Faith & Life

SIMPLIFY YOUR LIFE

Reap the Spiritual Benefits of Minimalism, Refocusing, and Reorganizing in 2020

By Cathi Douglas     1/16/2020

We’ve all heard Jesus’s teachings on money and possessions – and at first glance sacrificing wealth and power seem painful.  

Still, as we begin a new year and have seemingly endless opportunities to live our lives differently, it’s attractive to consider owning fewer possessions, simplifying our schedules, and prioritizing people and experiences in 2020. 

Perhaps Jesus isn’t calling us to make sacrifices so much as to reap the spiritual benefits of a streamlined life. 

Writing in Forbes in 2012, author Neil Kane, president of Illinois Partners, discusses his family’s surprisingly spiritual journey toward purging their lives of extraneous possessions–owning less ‘stuff’ and lightening their physical and emotional load. 

In the new year, we can start fresh, tossing the emotional and physical baggage we’ve accumulated to strip our lives down to what’s most important. 

If this minimalism appeals to you, what would you decide to add to the blank slate of 2020? 

  • Do you want to fill your new year with busy-ness, or schedule only the most important work, relationships, commitments and opportunities?
  • Do you want to read Scripture on a regular basis, join a Bible study group, or read Catholic literature?
  • Do you want to be more mindful? More committed to your marriage or your children?
  • Do you want to be more active, eat more healthily, get outdoors more?
  • Do you want to nurture your prayer life, or find solitary time to listen to God’s voice?
  • Do you want to have greater focus for your work? Be more organized? Get your finances in order?

 

As attractive as all these ideas are, it’s important not to commit to an overwhelming to-do list in January. Pick a couple of these new priorities. Learn to savor the extra time and energy that results from under-committing your time. 

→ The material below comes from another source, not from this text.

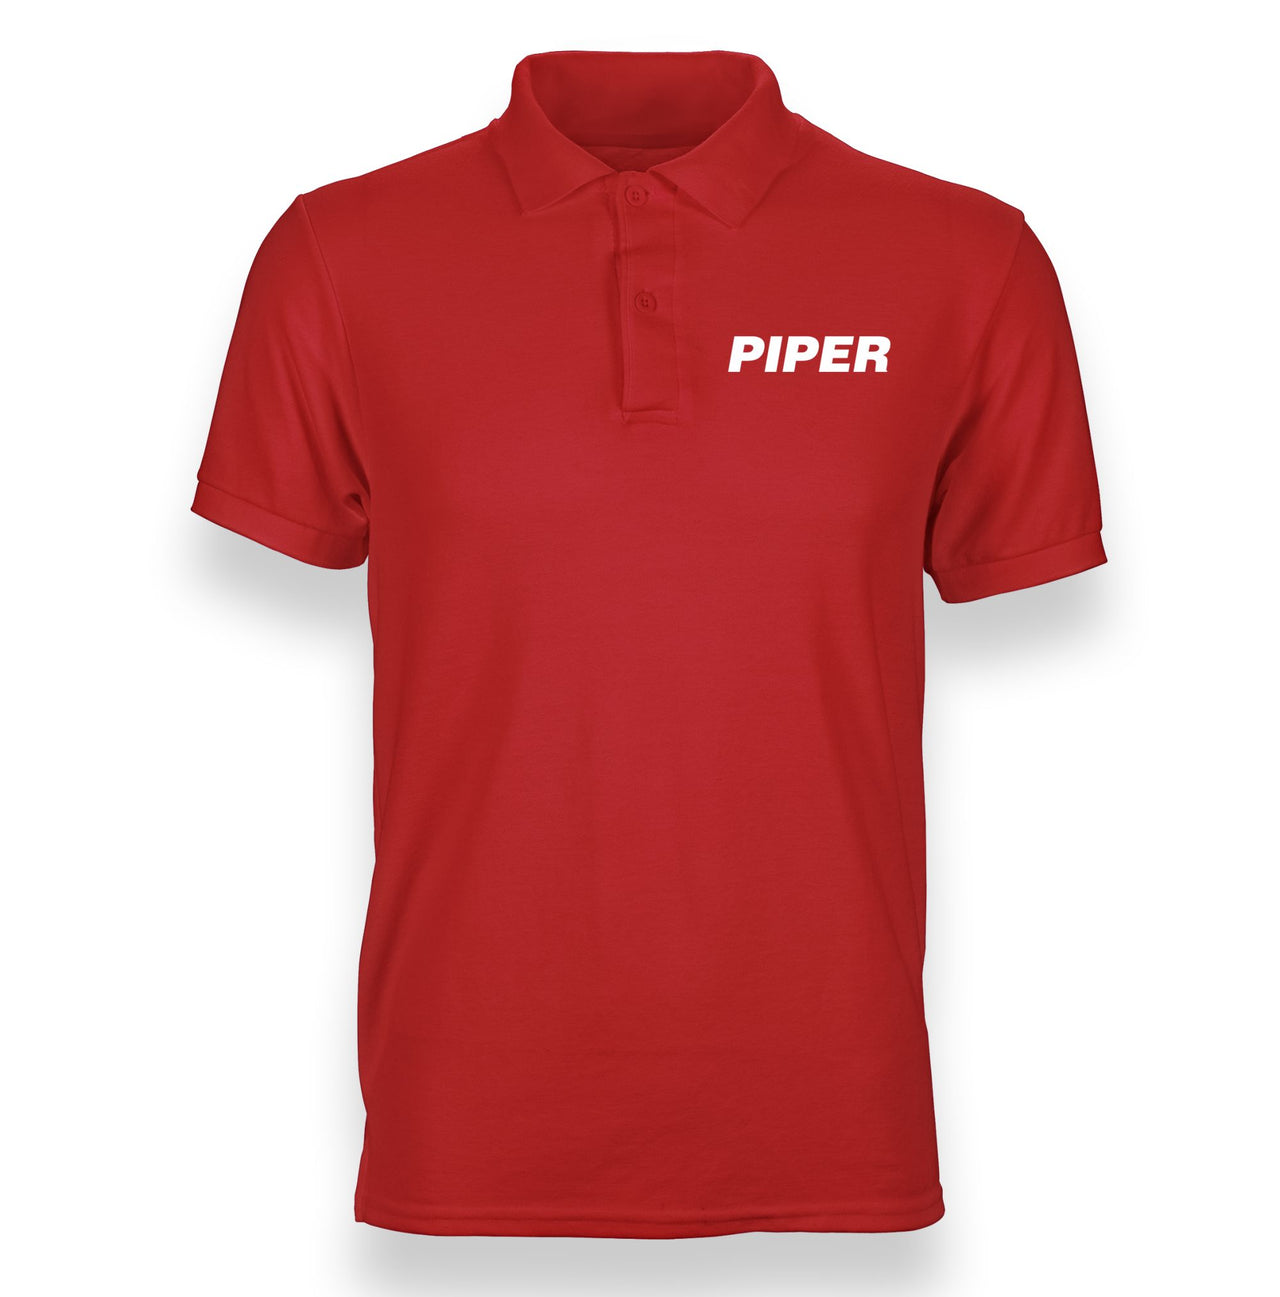 Piper & Text Designed "WOMEN" Polo T-Shirts

Perhaps one of Pope Francis’s suggested New Year’s resolutions should guide our thoughts as we consider the new slate facing us. He says, “Be careful of envy, lust, hatred and negative feelings that devour our interior peace and transform us into destroyed and destructive people.” 

Catholic Online offers these ideas for refocusing ourselves based on St. Paul’s letter to the Thessalonians:  

  • Do not return evil for evil.
  • Seek what is good for each other.
  • Rejoice always.
  • Pray without ceasing.
  • In all circumstances give thanks.

 

As the publication notes, these are resolutions that matter, and each and every day is the right time to start doing them. 

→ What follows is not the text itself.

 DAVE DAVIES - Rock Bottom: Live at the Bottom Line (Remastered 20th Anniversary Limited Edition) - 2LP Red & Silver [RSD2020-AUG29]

Yet in addition to refocusing our spiritual lives, we can also pay attention to some ‘spiritual decluttering,’ to unblock and unstick ourselves. This is helpful particularly when we can’t see the ideas and vision clear to the path we want. 

“Decluttering—cleaning up our act physically, mentally, and emotionally—frees us from those stuck places and helps us get into action,” notes magnoliaswest.com in its June 12, 2012 blog post on decluttering as spiritual practice.  

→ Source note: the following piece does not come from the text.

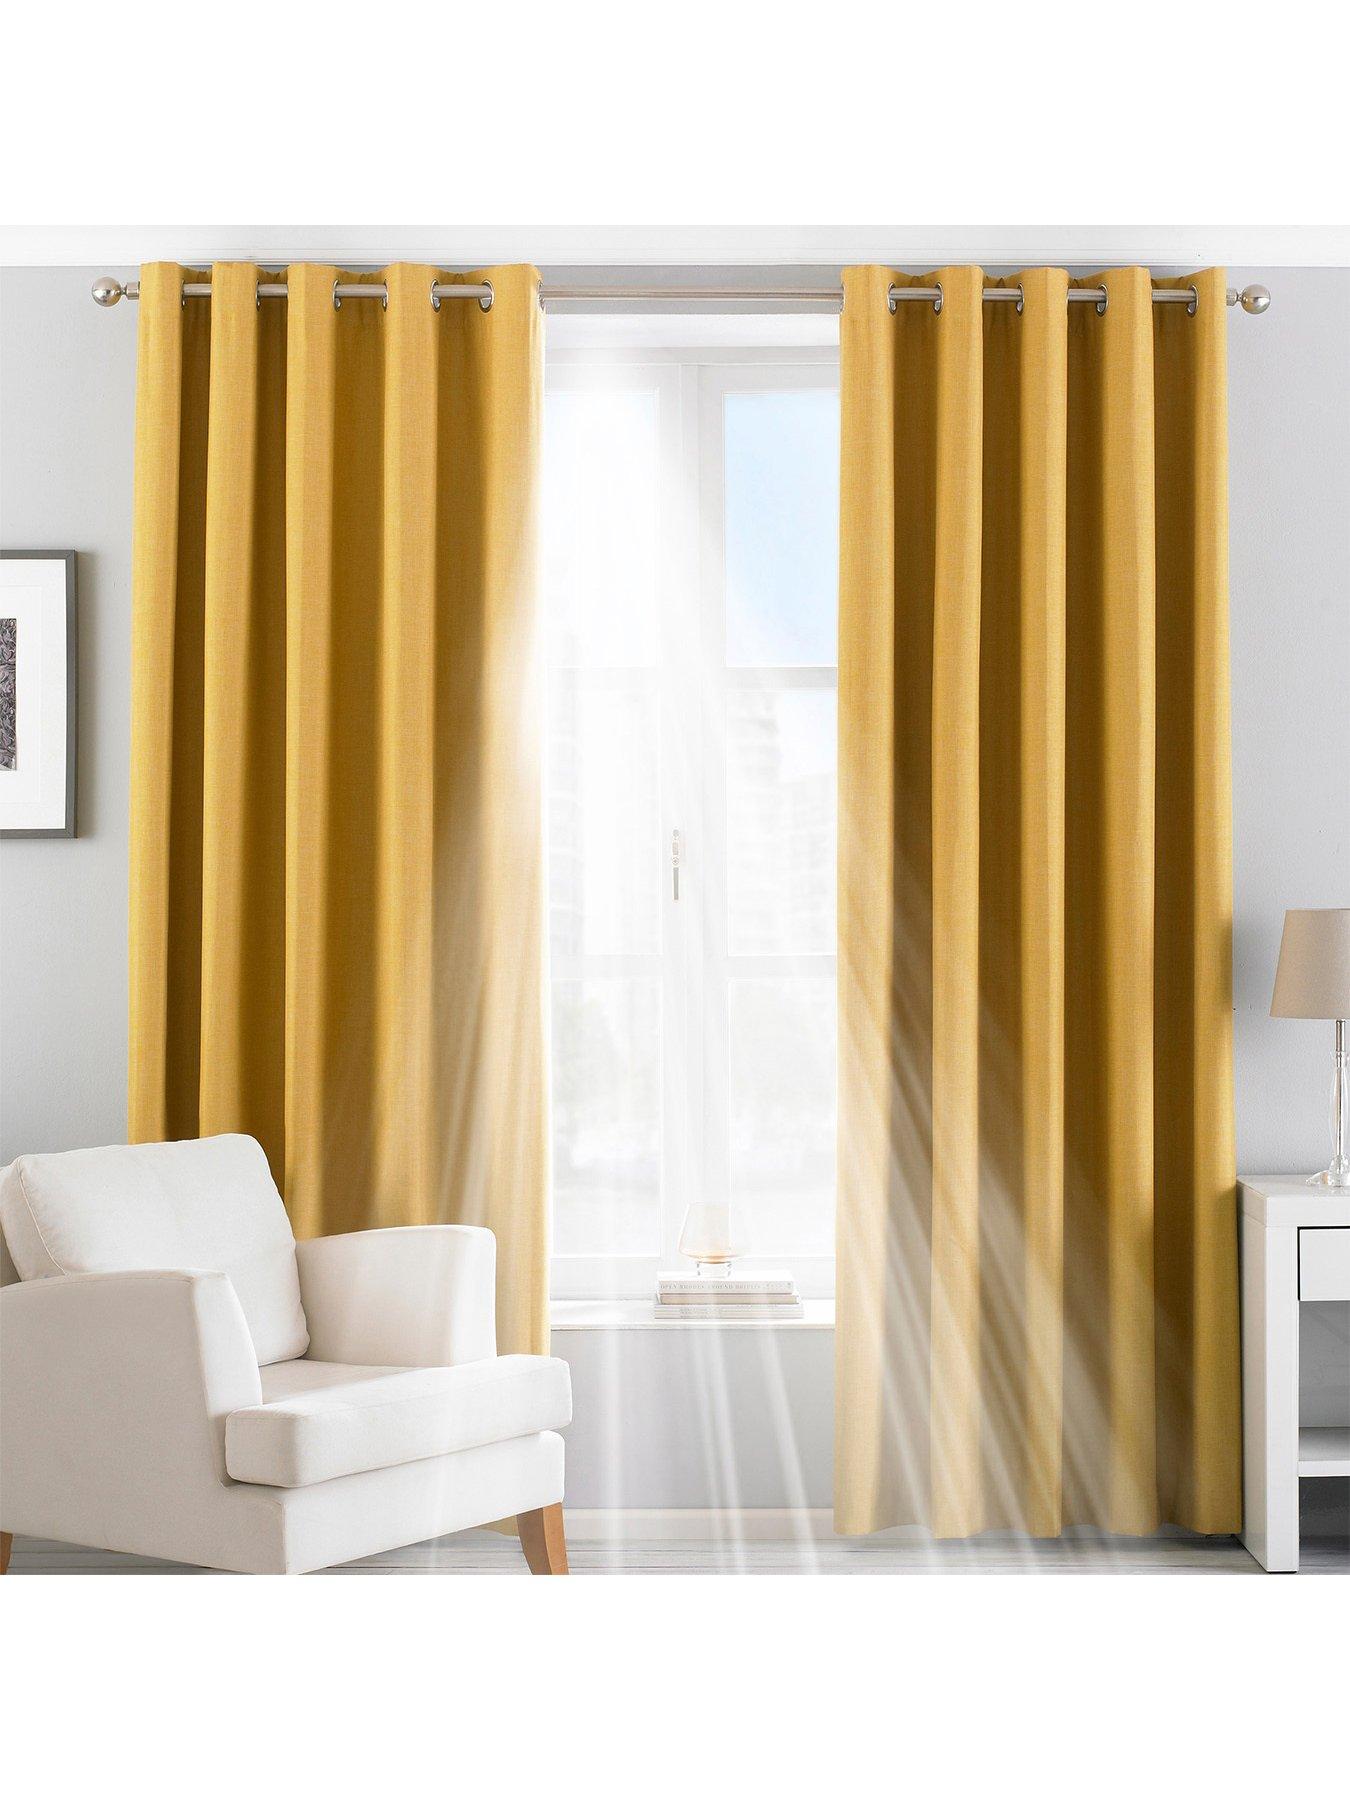 Details about   VERTICAL BLINDS Crown White 3.5" Window Treatment Shade 66"/78"/104"W x 84"L NEW

Spiritual clutter can include the incomplete or stalled dreams swirling in your head; unhealthy, unfulfilling relationships; addictive behaviors; and mental chaos. Indeed, clutter, in any form, negatively affects our energy, attitudes, and effectiveness. 

In the words of G. K. Chesterton, “The object of a new year is not that we should have a new year. It is that we should have a new soul.”